How long will it take for all of these 3rd party libraries to get their dependencies updated? LibA can't do anything until B fixes its dependencies, B is blocked by C, and C by D. This seems like a real cluster-f and if I'm not understanding it right, please let me know in the comments.

It gets scarier. What if any one of those dependencies along the way is no longer maintained by anyone? You have to find an alternate library to use that is maintained, or fork a library just to make these security updates, and then convince the upstream dependencies to use your library instead. And now you're its maintainer. 😳

If the project is maintained it may mean that I have to open PRs with those open source projects and fix the issues, which I truly don't have the cycles to do.

Luckily for me, In most cases, I was able to simply upgrade the immediate dependencies, IE Third-Party-Lib-A, to the latest libraries and that resolved most of the downstream issues. I also ended up removing a lot of unused dependencies and replaced dependencies that were depreciated. Security vulnerabilities aside, this was a good exercise to keep our codebase lean.

This would have gone more smoothly except that I manage a micro-services-frontend architecture which meant that I had 30'ish frontends with dependencies to fix. Though most of these libraries share a lot of the same dependencies. Also, we run these frontends in Docker containers and I had a misconception on what layers are cached. So even after fixing some of the dependency issues, and re-running npm-audit, I was getting a lot of false negatives as my changes weren't picked up.

It was a good bit of work but we now have all of our front-end repos vulnerability free!

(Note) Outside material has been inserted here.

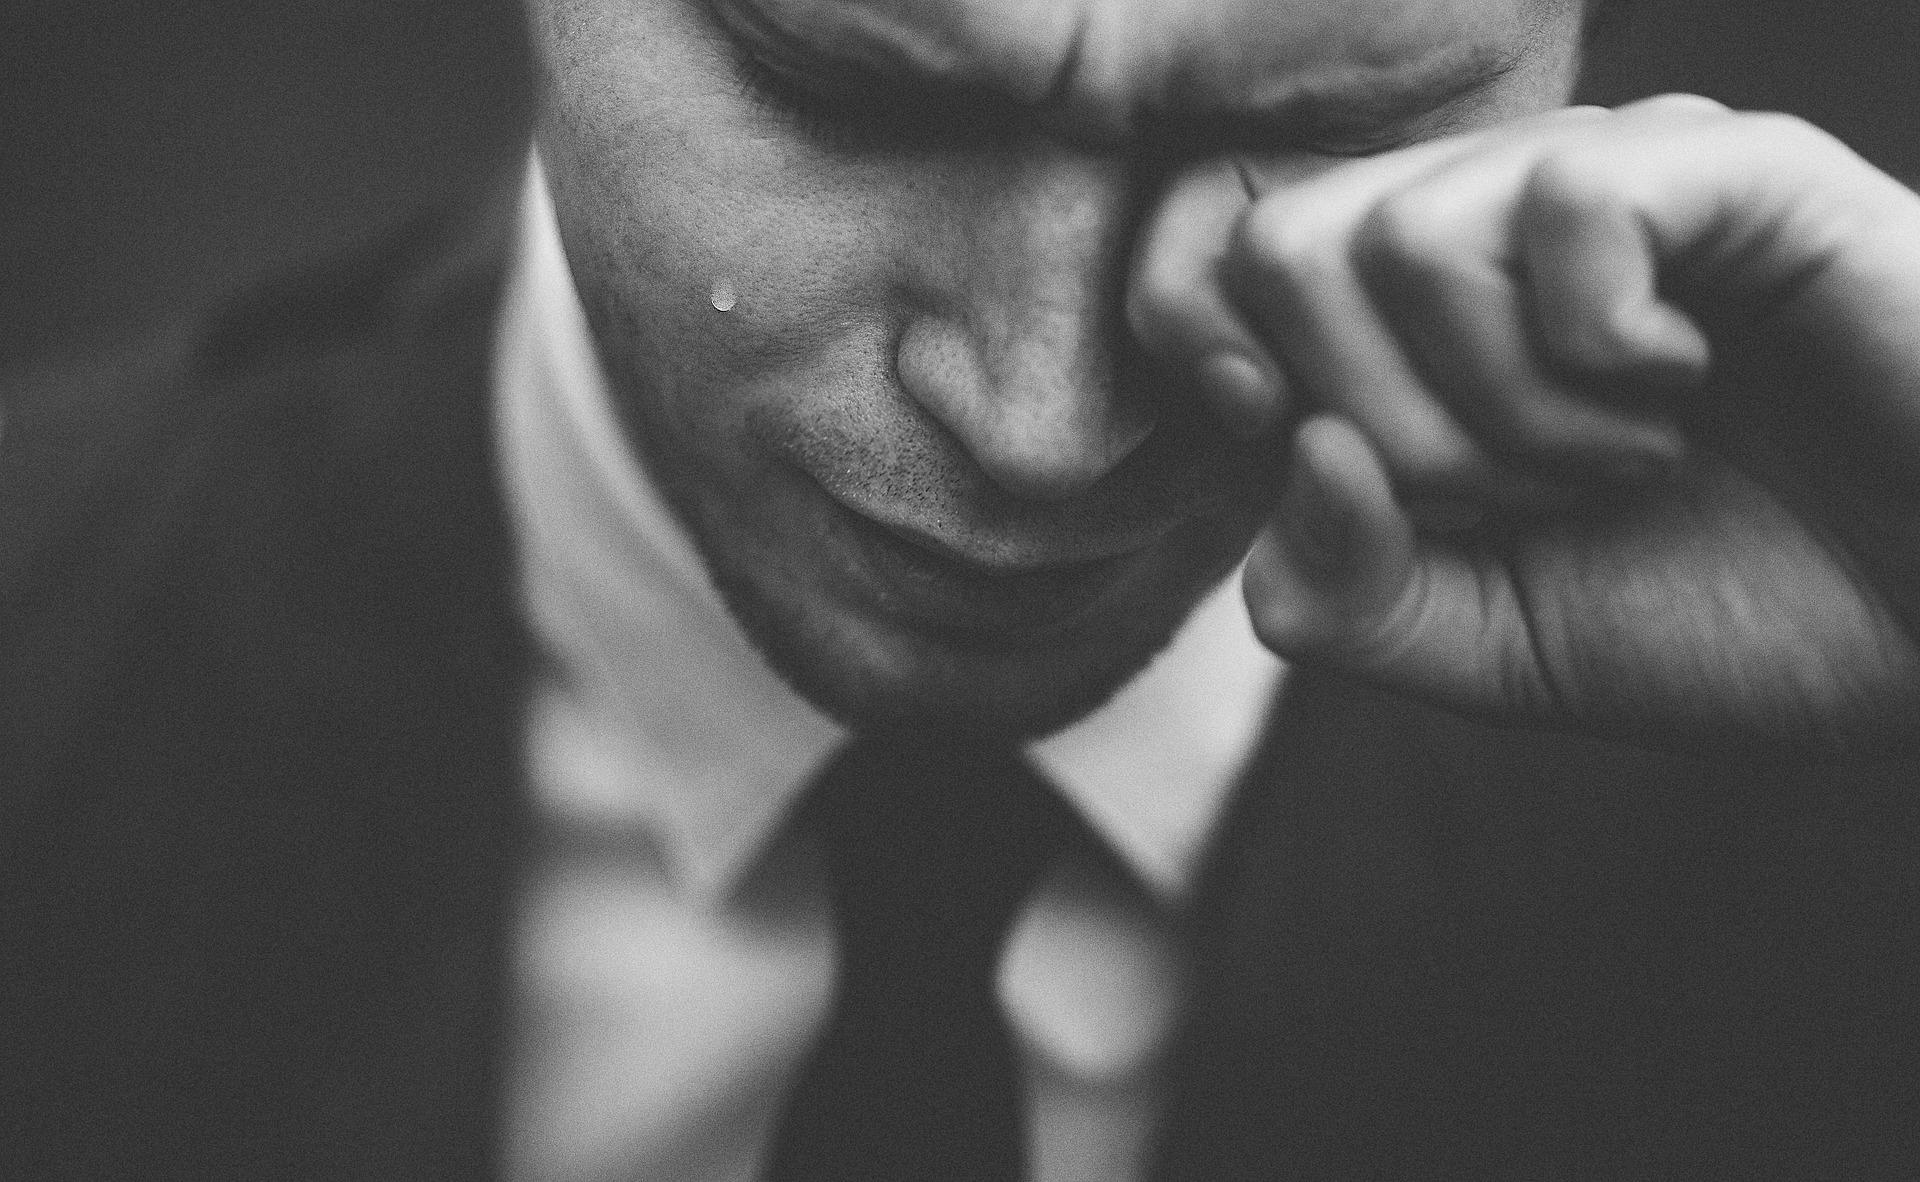 думаю, картинка как мужчина плачет бравый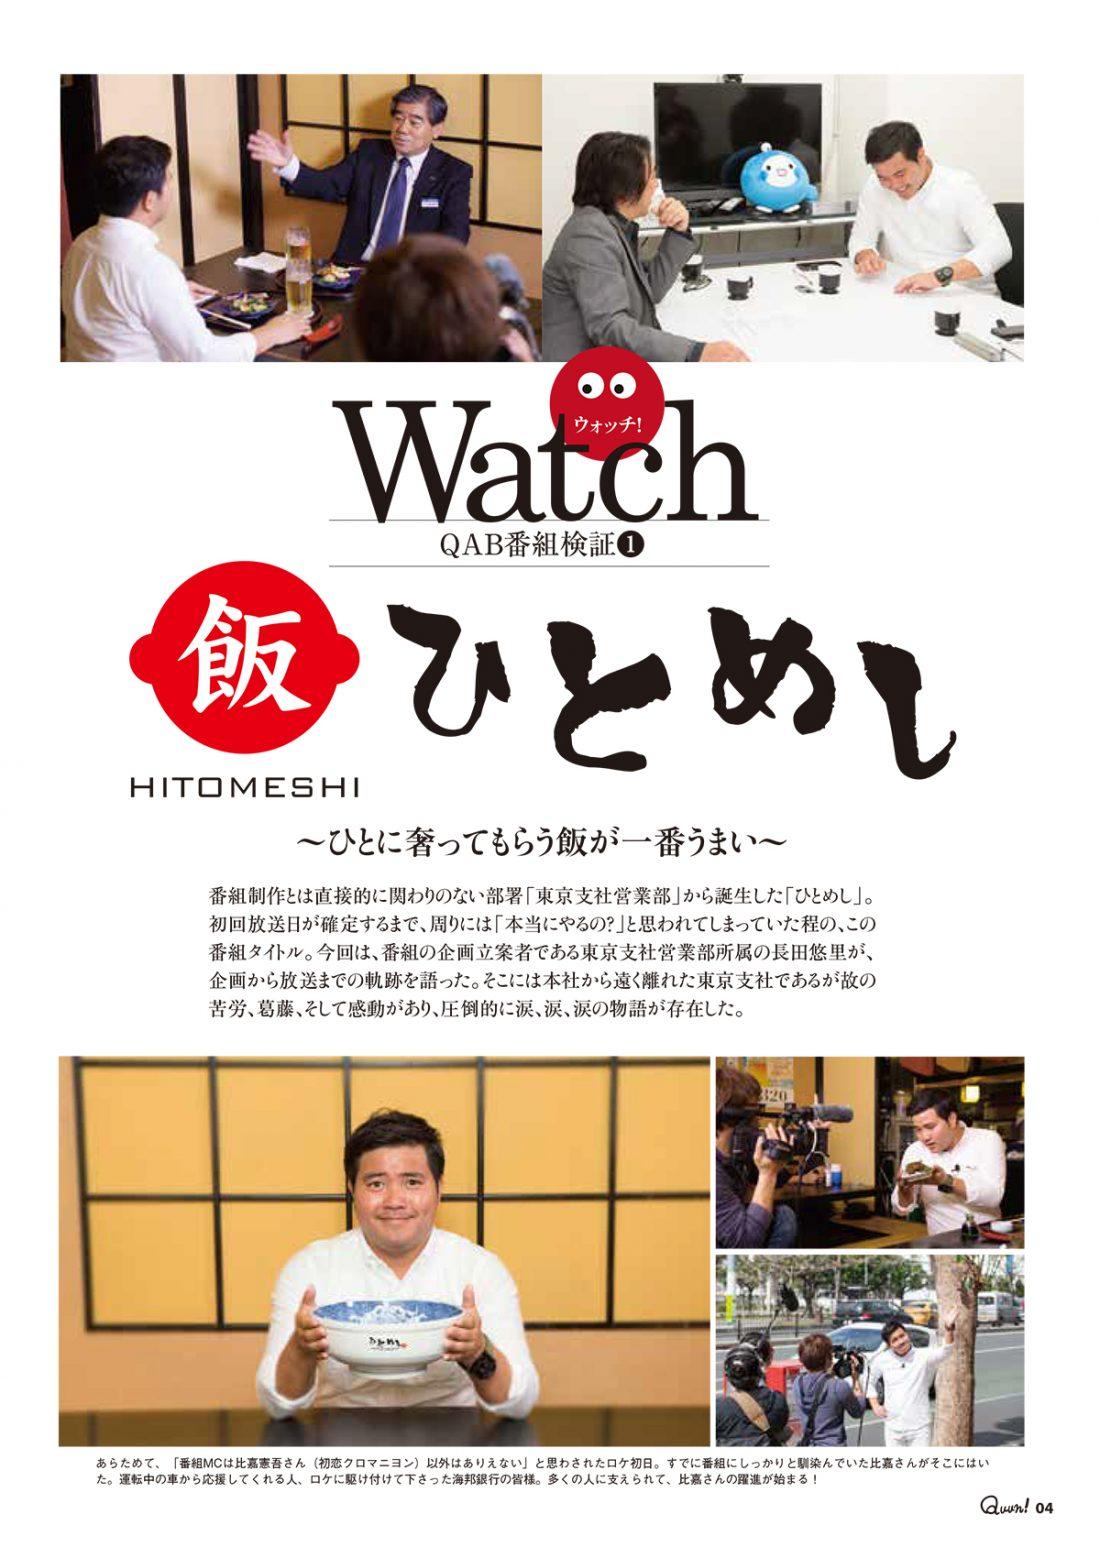 https://www.qab.co.jp/qgoro/wp-content/uploads/quun_0306-1100x1558.jpg

In order to enforce this going forward, we've done two different things:

  1. We added some lines to our build tools which block PRs from being merged. Essentially on each push to the branch, it runs some checks like lint, unit-tests, and now npm-audit . If it detects any issues it will fail the build and notify the developer that action must be taken.
  2. We pin all of our 3rd-party dependencies. This is to prevent random build failures on a Developer's PR when he/she didn't even modify dependencies. Also it gives us the security that we'll never update a dependency to the latest version before the community and NPM team have a chance to catch any potential issues with it. Also, there's no sense in updating working code in production just for the sake of updating. We may as well only update the library when there's a feature or bugfix that was made that we require.